The variation of the electron effective mass versus x, evaluated in units of the free electron mass (m_{o}), is displayed in Figure 3. The longitudinal electron effective mass for InGaN shows firstly a decreasing trend as x increases up to x = 0.9, then it increases. At Γ point, without taking into account the disorder effect, a nonlinear variation of the transversal and longitudinal electron effective masses is obtained according to the following expressions:
$${m}^{\perp}\text{}=\text{}0.240+0.1258\text{}x\text{}-0.235\text{\hspace{0.17em}}{x}^{2}\text{\hspace{0.17em}}\text{}\left(VCA\right)\text{(4-a)}$$
$${m}^{\perp}\text{}=\text{}0.233+0.044\text{}x\text{}-0.550\text{\hspace{0.17em}}{x}^{2}+0.411{x}^{3}\text{\hspace{0.17em}}\text{}\left(improved\text{}VCA\right)\text{(4-b)}$$
$${m}^{\parallel}\text{}=\text{}0.204-0.204\text{}x\text{}+0.138\text{\hspace{0.17em}}{x}^{2}\text{\hspace{0.17em}}\text{(VCA)(5-a)}$$
$${m}^{\parallel}\text{}=\text{}0.200-0.392\text{}x\text{}+0.665\text{\hspace{0.17em}}{x}^{2}\text{\hspace{0.17em}}-0.322{x}^{3}\text{}\left(improved\text{}VCA\right)\text{(5-b)}$$
These results (improved VCA) show that the bowing parameter b of the effective mass m^{⊥} and m^{∥} respectively depends strongly on the indium composition x:
$$b(x)\text{}=\text{}0.411\text{}x\text{}-0.139\text{\hspace{0.17em}}\text{}(for{m}^{\perp})\text{(4-c)}$$
$$b(x)\text{}=-0.331x\text{}+0.328\text{}(for{m}^{\parallel})\text{(5-c)}$$
Unfortunately, the lack of both experimental and theoretical results in literature prevents the validation of our calculated bowing values which they were presented in Table 6 and are predictions that may serve for future studies.
Conclusion
In summary, we have investigated structural and electronic properties of wurtzite In_{x}Ga_{1-x}N using the EPM under the VCA and a modified VCA and DFT within HSE hybrid functional for exchange-correlation energy.

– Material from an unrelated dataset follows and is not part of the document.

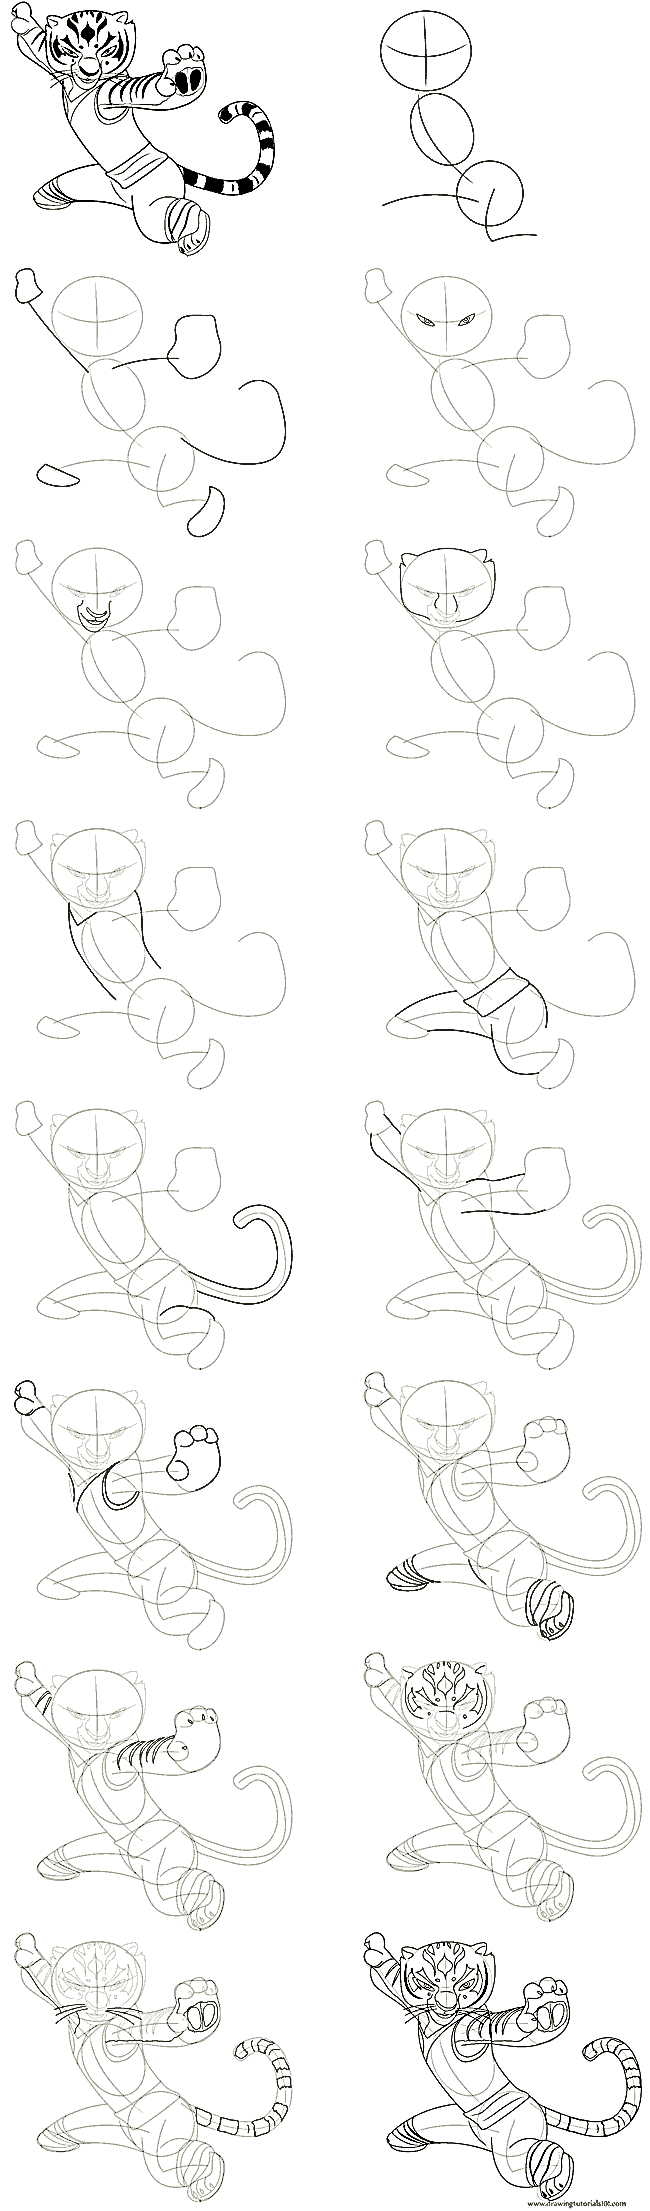 A simple step-by-step way to draw a tiger - Guide 7

Lattice constants, band gap energies and electron effective masses at the Γ point have been calculated and compared with previously available data. Our results showed that the bowing parameter b of the energy gap depends strongly on the indium composition x. It is also found that b has a negative sign when using VCA and HSE functional methods. The electron effective masses m^{⊥} and m^{∥} at the Γ point for wurtzite structure have been calculated for the ternary alloy In_{x}Ga_{1-x}N using EPM without taking into account the disorder effect. Our results show that the bowing parameter b of the effective mass depends strongly on the indium composition. Generally, a good accord was obtained between our results and data quoted in the literature for InN and GaN materials. Therefore, more experimental measurements and first-principles calculations are needed in order to obtain more accurate and reliable results for wurtzite In_{x}Ga_{1-x}N.